Unfolding on my screen this night is the story of Erik Kernan Jr. (Josh Hartnett), a struggling Denver sports reporter living in the shadow of his deceased legendary sports broadcasting father.  While striving to forge a career, Erik also seeks to build a relationship with his son, who he shares custody of with his ex-wife.  One night after covering a boxing match, Erik stumbles upon an opportunity in the form of Battling Bob Satterfield (Samuel L. Jackson), a now homeless, former professional boxer.  Sensing a potential story, our eager reporter begins not only an investigation, but a friendship with the poor pugilist.  As the relationship between the two men grows, we learn of their individual battles as fighter and writer, and as father and son.

So intrigued by the story, I pick up my phone and begin to research.  Resurrecting the Champ is based upon an L.A. Times Magazine article by J. R. Moehringer.  Finding the article, I pause the film and dive in.  I find myself deplopped from the couch and now walking about my home as I read the tale of two men who are no longer just characters in a movie.  I suddenly reach a point in the article that causes me to stop and look around my home as if to see if someone is watching me.  Our intrepid reporter did not meet the beleaguered boxer on the streets of Denver as depicted in the film.  Our champ was found on the streets of Santa Ana, California, mere city blocks from where my own father grew up.  That was one of many ironic elements I would find within this story, as I too had an absent father for much of my life.  The irony has me standing alone in my home, not watching the movie, not reading the article, but reflecting on my relationship with my father, and ultimately, mentally resurrecting my champ.  Standing there having the type of reaction one hopes to experience when being engulfed by well-written or well-spoken word.   Pondering my own relationships, I finish the article, and replop into the movie.

With a screenplay by Michael Bortman and Allison Burnett, director Rod Lurie does a fine job of weaving intricate father-son relationships for us to examine.  Unfortunately, with this tale including the burgeoning relationship between Erik and the Champ, along with their fathers and sons, and the other parental figures in the film, there simply may not be enough rounds in this fight for us to truly appreciate all the action in the ring.  We’re left wanting more which is generally a good thing, but sometimes it’s because some of the storylines seem incomplete.

One of the other parental figures is Erik's boss, portrayed with subtle brilliance by Alan Alda.  It’s always challenging to not see Hawkeye in the work of Alda, but it’s a welcome addition here. All the performances in Resurrecting the Champ are solid with that of Jackson standing out as he becomes everything we would expect to find in a former boxer.

Recommendation: I jumped at the chance to get the Blu-ray when it hit store shelves on June 25 and so should you. There is bonus material on the new release, but it’s all quite brief.

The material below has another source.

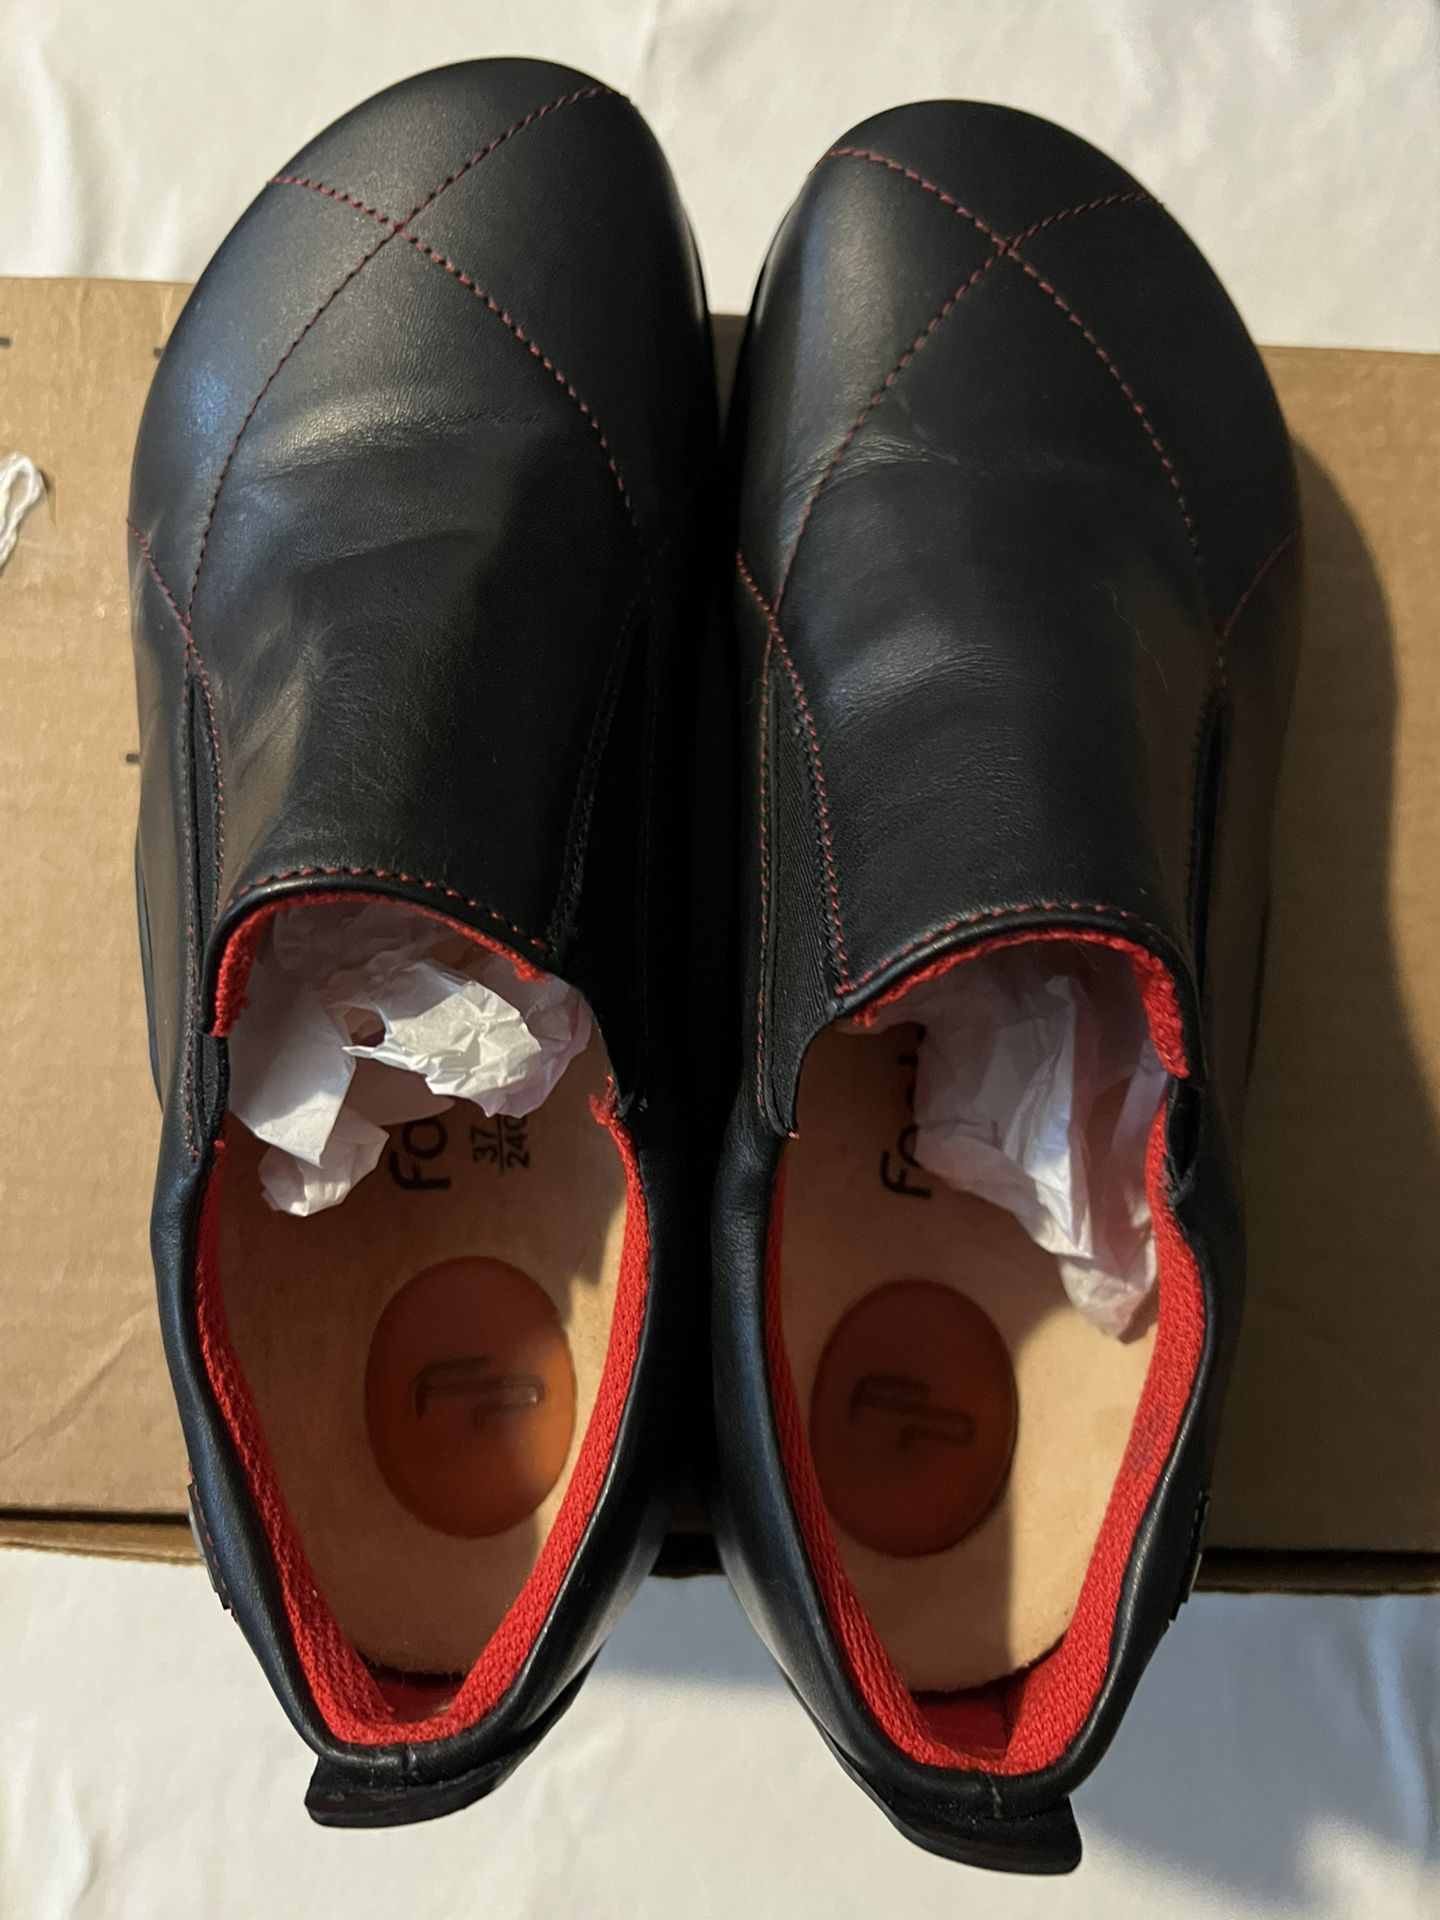 Birkenstock Footprints Slip On Shoe for Sale in Westlake, OH - OfferUp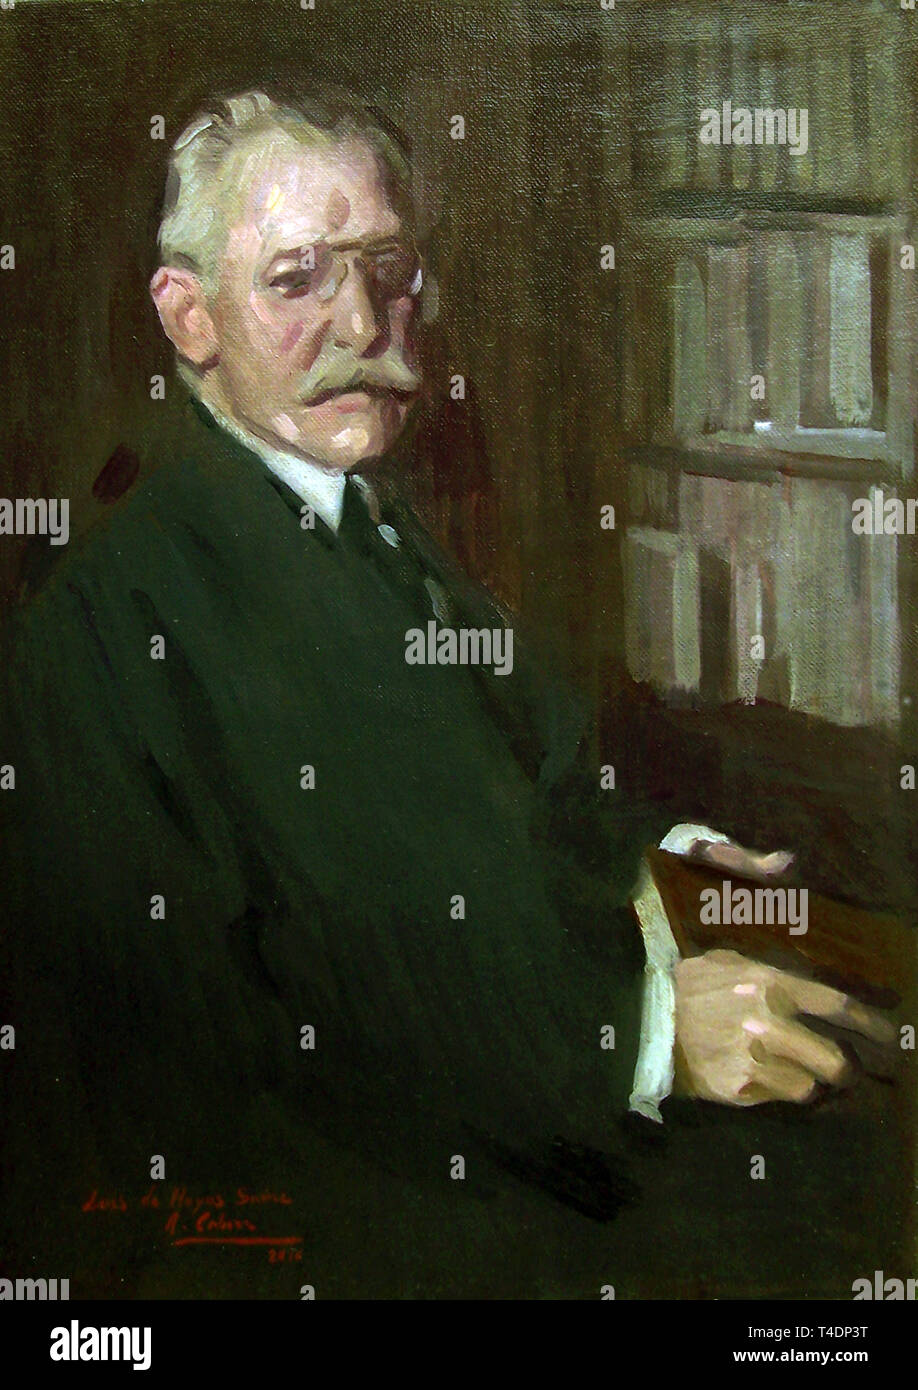 Retrato de Luis de Hoyos Sainz por artista español Alejandro Cabeza. Stock Photo

It would have been nice to see more about how the movie was made and what led to the choices the screenwriters made.

See the movie before you read the article as the movie takes quite a bit of creative license.  Reading the article after seeing the movie allows you to clearly see Jackson as you enjoy every word.

This is more than a story about a reporter and a fighter.  This is the story of the fight many of us face to accept who we are and who we think we should be in the eyes of our father and our sons.  This is the story of the shortcuts we are willing to take.  Though the shortcut makes the road rougher, it can lead us to become far more than we thought we could be.